This broad binding specificity may be important for dSfmbt function within the PhoRC complex. Genome-wide-binding profiling showed that dSfmbt occupies 50% of its targets sites together with Pho, suggesting that dSfmbt is bound to those regions as a part of the PhoRC complex (Oktaba et al, 2008). Previous studies showed that dSfmbt binding at HOX genes crucially depends on Pho-protein-binding sites in PREs, and it is thus the DNA-binding activity of Pho that targets PhoRC to the genes it regulates (Klymenko et al, 2006). Similarly, L3MBTL1 is associated with an E2F–RBF complex (Lewis et al, 2004) and it thus seems likely that the association of L3MBTL1 with E2F target genes (Trojer et al, 2007) is mediated by the DNA-binding factor E2F. Histone methyl-lysine binding by these MBT-repeat proteins thus does not seem to be involved in targeting. Instead, the chromatin environment flanking Pho target sites may dictate which particular mono- and dimethylated lysines are recognized by dSfmbt in vivo.

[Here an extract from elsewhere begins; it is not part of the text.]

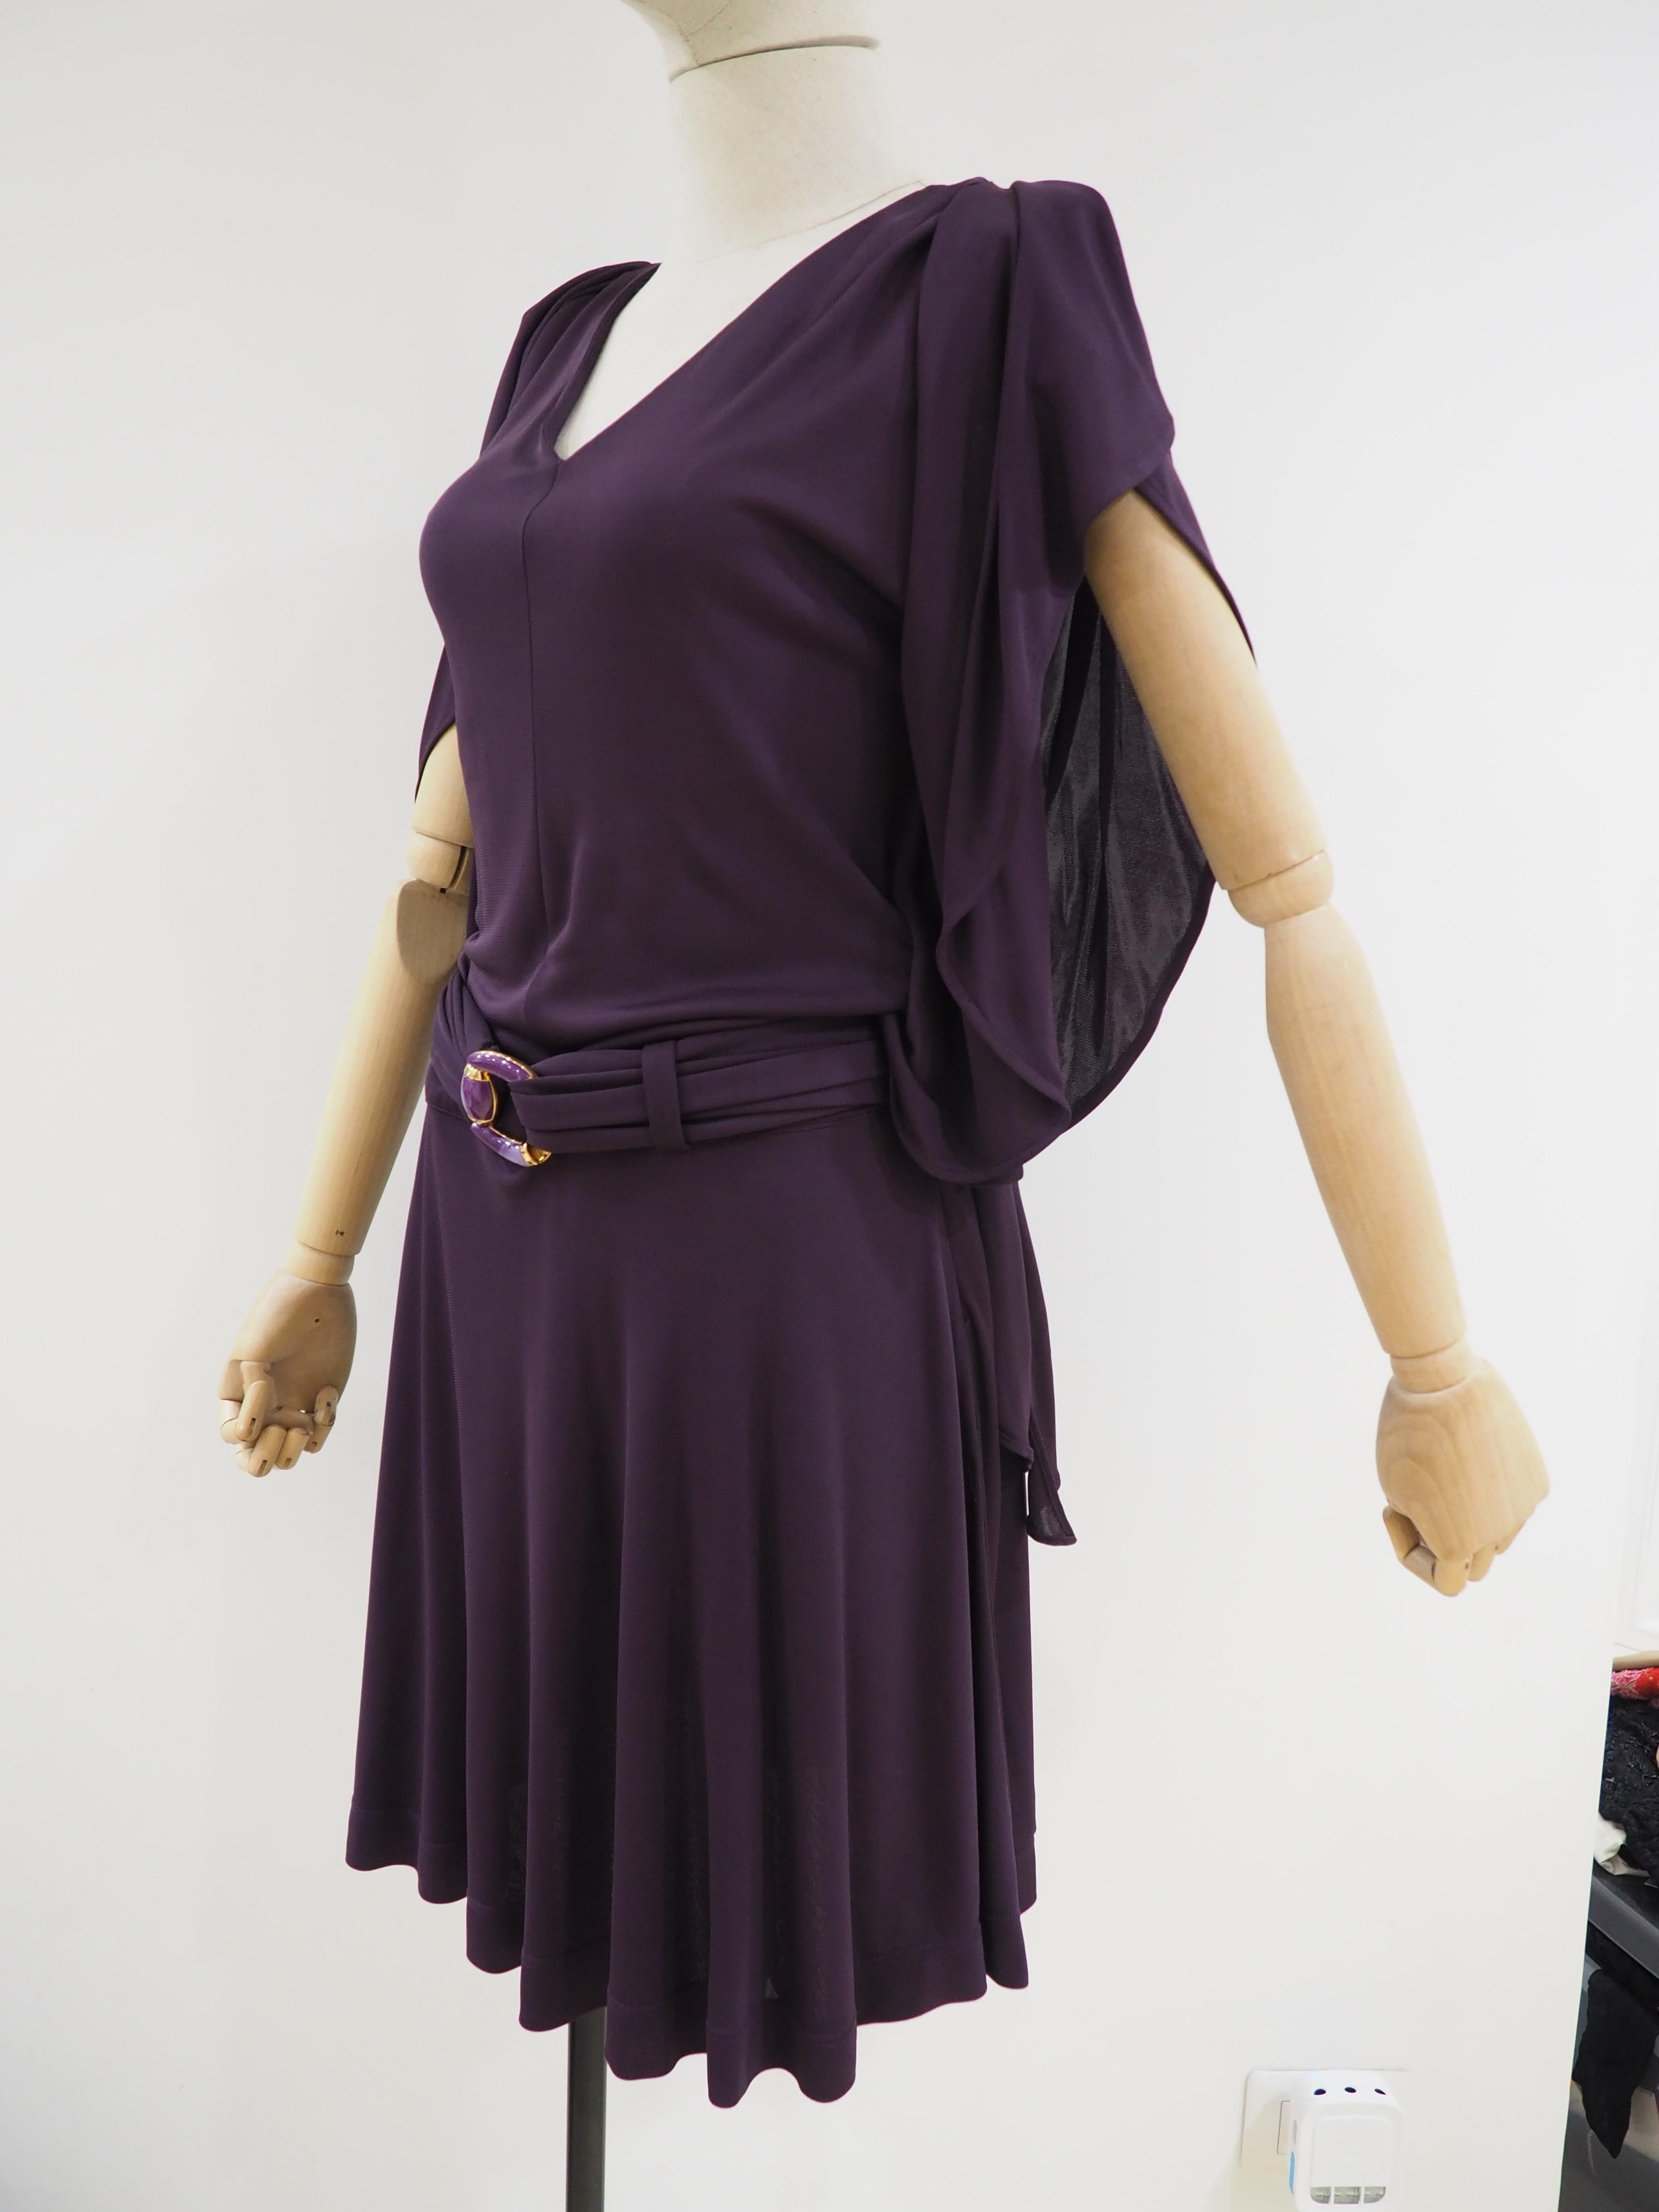 Gucci purple dress
totally made in italy in size S

What is the role of methyl-lysine binding of MBT-repeat proteins? It has been proposed that DNA-tethered MBT proteins use this binding activity for interactions with modified nucleosomes in the flanking chromatin to maintain a repressed-chromatin state (Klymenko et al, 2006; Trojer et al, 2007). The repeat structure of MBT-domain proteins also led to the suggestion that a single MBT-repeat domain could simultaneously recognize several methylation marks (Li et al, 2007; Trojer et al, 2007), which would provide a molecular mechanism for the observed chromatin compaction by L3MBTL1 in vitro (Trojer et al, 2007). However, the structure of the dSfmbt MBT-repeat domain bound to the H4K20me1 peptide and also the structures of L3MBTL1 and Scm bound to methyl-lysine-containing peptides (Grimm et al, 2007; Li et al, 2007; Min et al, 2007; Santiveri et al, 2008) argue against such a model. Only a single methyl-lysine-binding pocket is present in all MBT-repeat proteins, whereas the corresponding ‘pockets' in the other repeats are shallower and less well conserved. Moreover, there is no biophysical evidence for simultaneous interaction with multiple methylated histone-tail peptides.

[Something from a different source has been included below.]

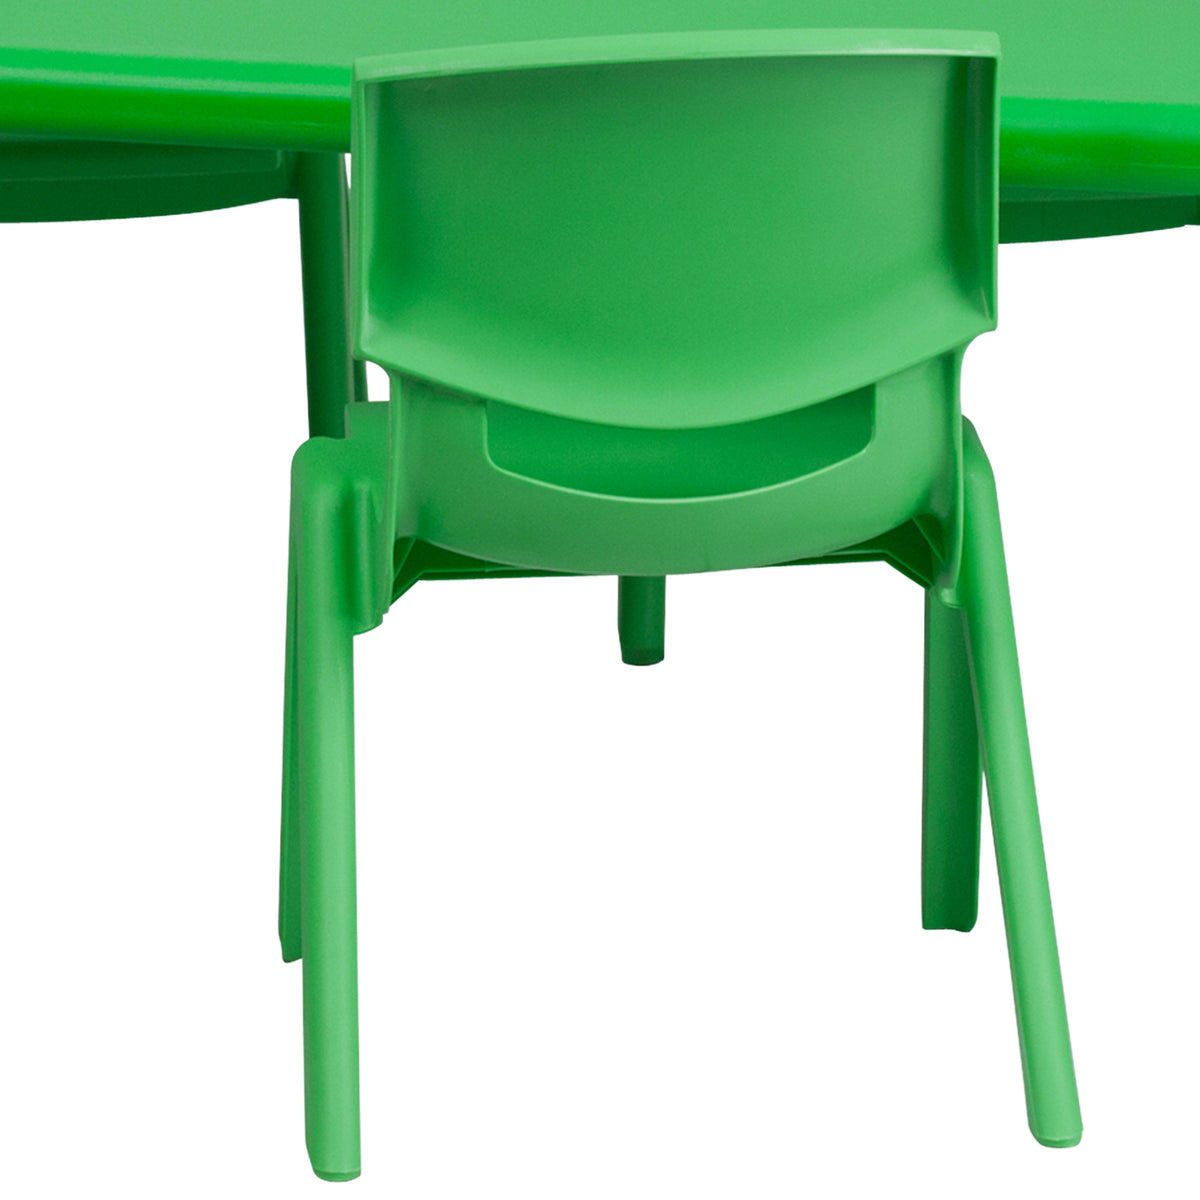 Green |#| 24inchW x 48inchL REC Green Plastic Height Adjustable Activity Table Set - 6 Chairs
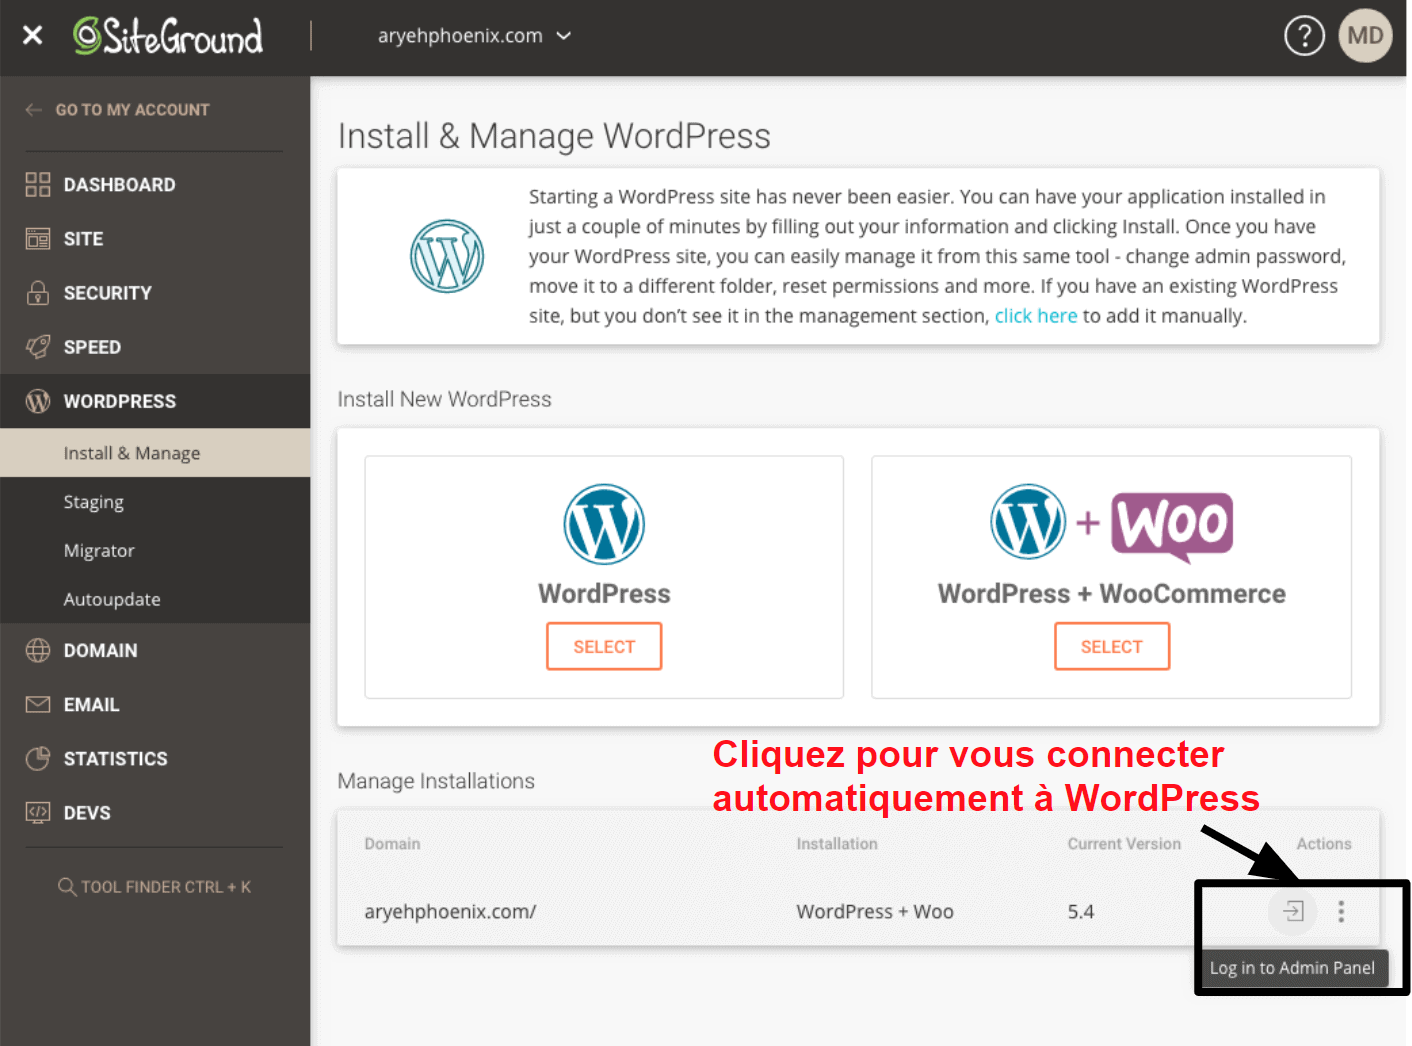 SiteGround offers a one click login option for your WordPress dashboard FR15

The physical and genetic interaction between dSfmbt and Scm suggests a close cooperation of these two proteins in Polycomb repression. Both proteins possess a similar methyl-lysine-binding capacity because of their MBT domains. It is therefore tempting to speculate that dSfmbt–Scm complexes may recognize methylated lysines in two different nucleosomes. Heterodimerization of dSfmbt and Scm with the MBT-repeat domain of each protein bound to a methylated-histone tail could provide a plausible mechanism for chromatin compaction.

Materials and methods

Protein expression and purification

Wild-type and mutant constructs of the four-MBT-repeat domain from D. melanogaster dSfmbt were generated using standard PCR and restriction-cloning techniques and the bacterial expression vector pETM11. The dSfmbt-4MBT protein and all variants were overexpressed in Escherichia coli strain BL21(DE3) as TEV-protease-cleavable N-terminal His6-fusion proteins at 18°C for 15 h. The cleared bacterial lysate in 50 mM Tris–HCl (pH 8.0), 150 mM NaCl, 10% (v/v) glycerol, 10 mM imidazole and 2 mM β-mercaptoethanol was incubated with Ni2+–NTA Sepharose (Qiagen) and the recombinant protein recovered by elution with imidazole followed by incubation with His-tagged TEV protease (0.01% w/w, overnight, 4°C). After dialysis to remove the imidazol, the protease was removed by incubation with Ni2+–NTA Sepharose. The final purification step comprised a gel-filtration step using a Superdex-200 column (GE Healthcare) in a buffer containing 10 mM Tris–HCl (pH 8.0), 150 mM NaCl and 5 mM DTT and protein at concentration of 30 mg/ml.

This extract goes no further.